Ia bicara tentang peran, anggaran, dan tanggung jawab negara terhadap rakyatnya. Semua terdengar rapi, sesuai buku pedoman demokrasi.

Baca juga: Ketua DPRD Depok Sosialisasi Tugas dan Wewenang Komisi D, PWI Kritik Kepemimpinan Supian Suri yang Didikte Partai Pendukung

Namun di balik kata-kata formal itu, ada pertanyaan yang merambat pelan di antara para wartawan: apakah kewenangan itu benar-benar bisa berjalan murni, atau tetap harus melalui persimpangan politik terlebih dahulu?

Depok seolah punya istilah tak tertulis: Politik DEPOT yang bisa diplesetkan menjadi Depok Penuh Konsensus Tawar-Menawar. Seperti sebuah gudang besar, setiap kebijakan harus singgah sebentar.

Di sana, ia ditimbang, dinegosiasi, disesuaikan dengan selera dan kepentingan yang tak tertulis. Barulah ia dilepas ke publik, sebagai keputusan resmi pemerintah.

Contoh paling terasa muncul ketika nama Masjid Al Quddus disebut. Rencana pembangunan masjid di lahan bekas SDN Pondok Cina Margonda telah disepakati, bahkan anggarannya—Rp20 miliar—sudah masuk dalam pembahasan.

Baca juga: Ada Apa dengan Pencoretan Anggaran Pembangunan Masjid Margonda Depok? Sungguh Menyakitkan Perasaan Umat

Namun tiba-tiba, pembangunan Masjid Al Quddus di Jalan Margonda itu dibatalkan tanpa alasan yang benar-benar 'masuk akal'.

Di forum itu, Ade tak menyalahkan siapa pun, tetapi nada suaranya menyimpan heran. Seolah keputusan tak lagi lahir dari sidang-sidang di balai kota, melainkan dari ruang yang tak tercatat dalam tata tertib pemerintahan.

Di sinilah wajah Politik DEPOT seperti terasa nyata. Pemerintah berbicara tentang pelayanan publik, tetapi seringkali yang lebih dulu dilayani adalah kalkulasi politik.

Dewan menyebut kata pengawasan, tetapi publik tahu, beberapa keputusan justru terasa tunduk pada peta kekuatan partai.

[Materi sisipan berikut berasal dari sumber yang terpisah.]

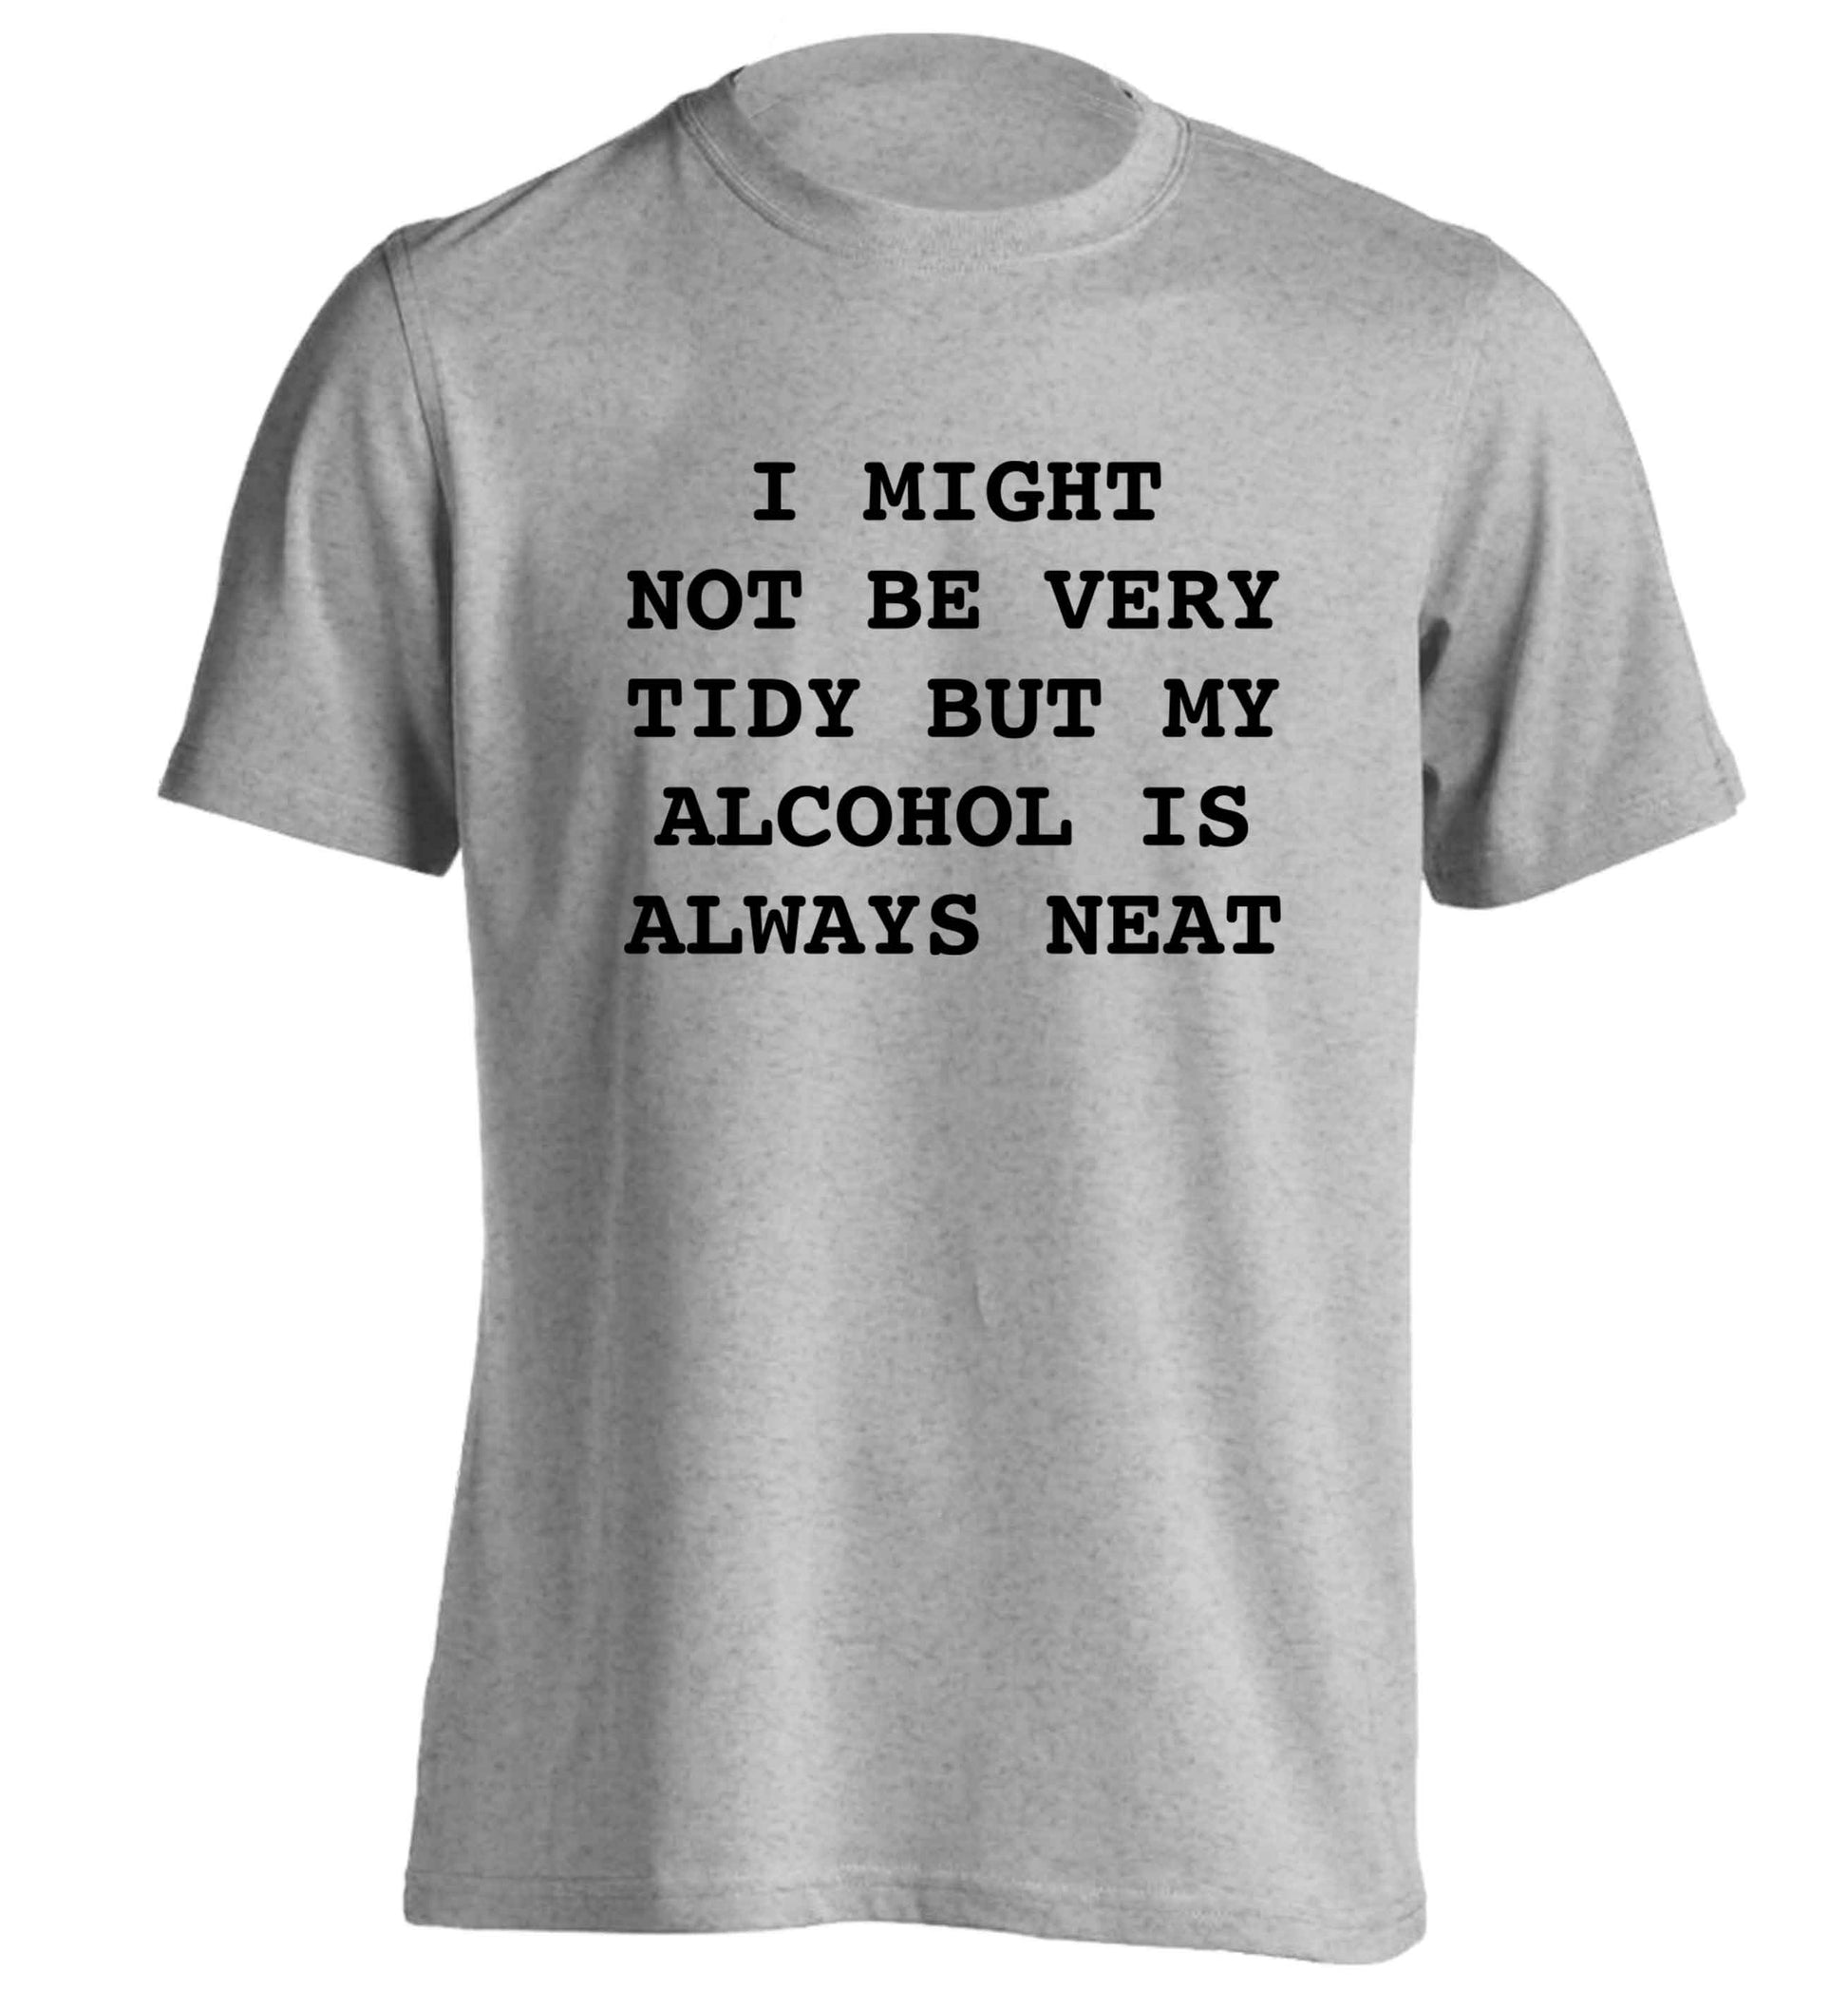 I might not be tidy but my alcohol is always neat adults unisex grey Tshirt 2XL
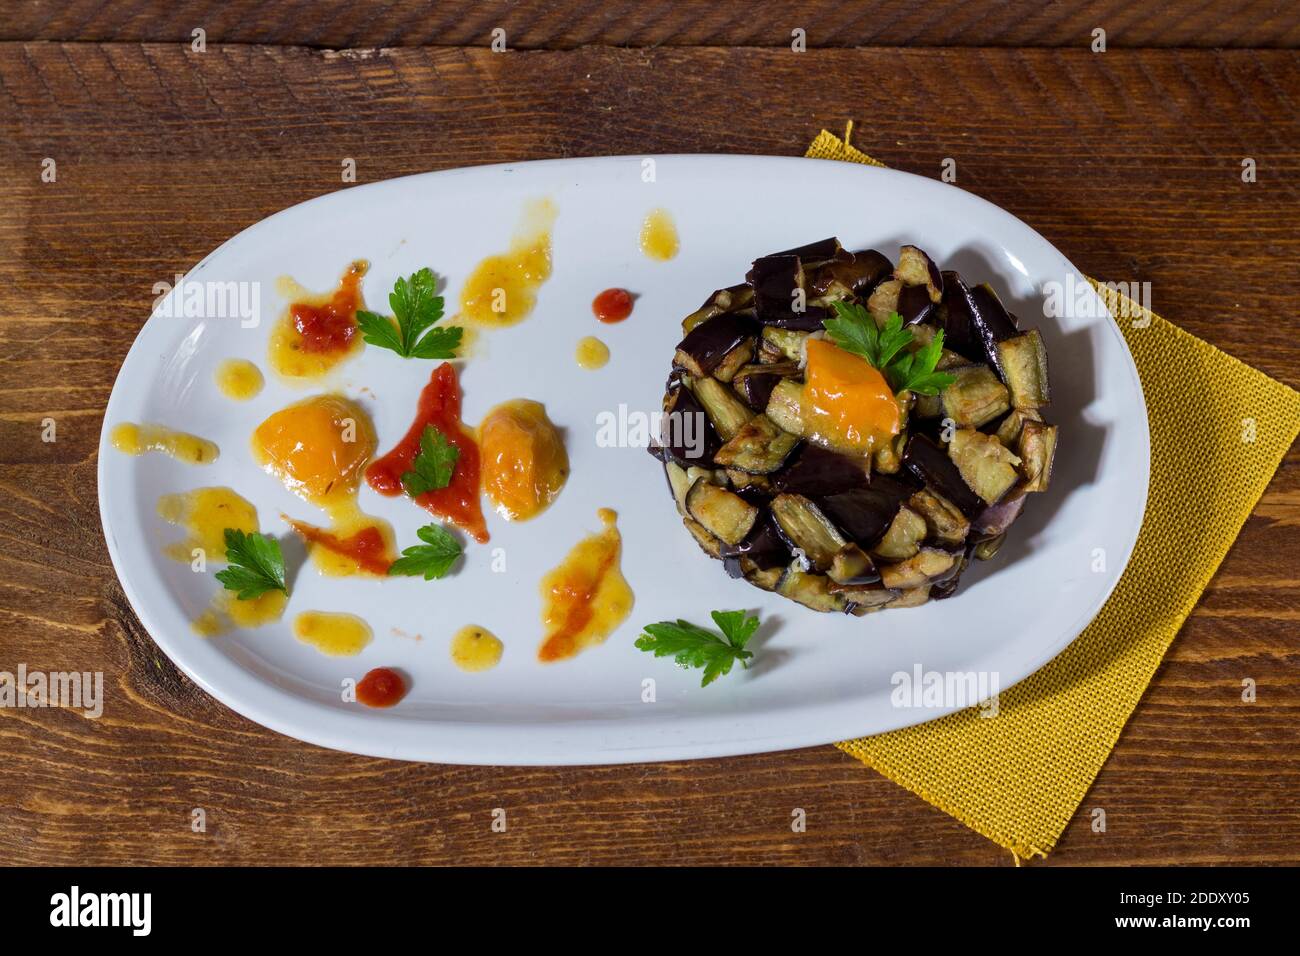 Plate of diced aubergines on a cream of yellow and red cherry tomatoes in a white plate. Wood background. Selective focus. Stock Photo

Baca juga: Naif! Anggaran Pembangunan Masjid Agung Dibatalkan, Kental Politisasi

Wali kota meski hadir dari suara rakyat, seolah tetap harus memastikan setiap langkahnya selaras dengan garis pendukung.

Ketua PWI Kota Depok, Rusdy Nurdiansyah, pada malam itu juga mengingatkan, pers punya tugas untuk mengawal itu semua. Katanya, indeks demokrasi Depok memang tinggi, kebebasan pers terjaga.

Namun kebebasan itu bukan hanya soal boleh menulis, tetapi keberanian mencatat yang tak diucapkan. Termasuk ketika kebijakan publik terhambat bukan karena teknis, tetapi karena belum mendapat lampu hijau dari meja politik.

Dalam suasana yang cair, sejumlah wartawan mulai mencatat lebih pelan. Bukan hanya ucapan yang terekam, tetapi juga jeda di antaranya. Jeda yang menandakan bahwa sebagian kebijakan di kota ini tidak lahir dari ruang pertemuan seperti malam itu, melainkan dari pertimbangan yang jauh lebih sunyi.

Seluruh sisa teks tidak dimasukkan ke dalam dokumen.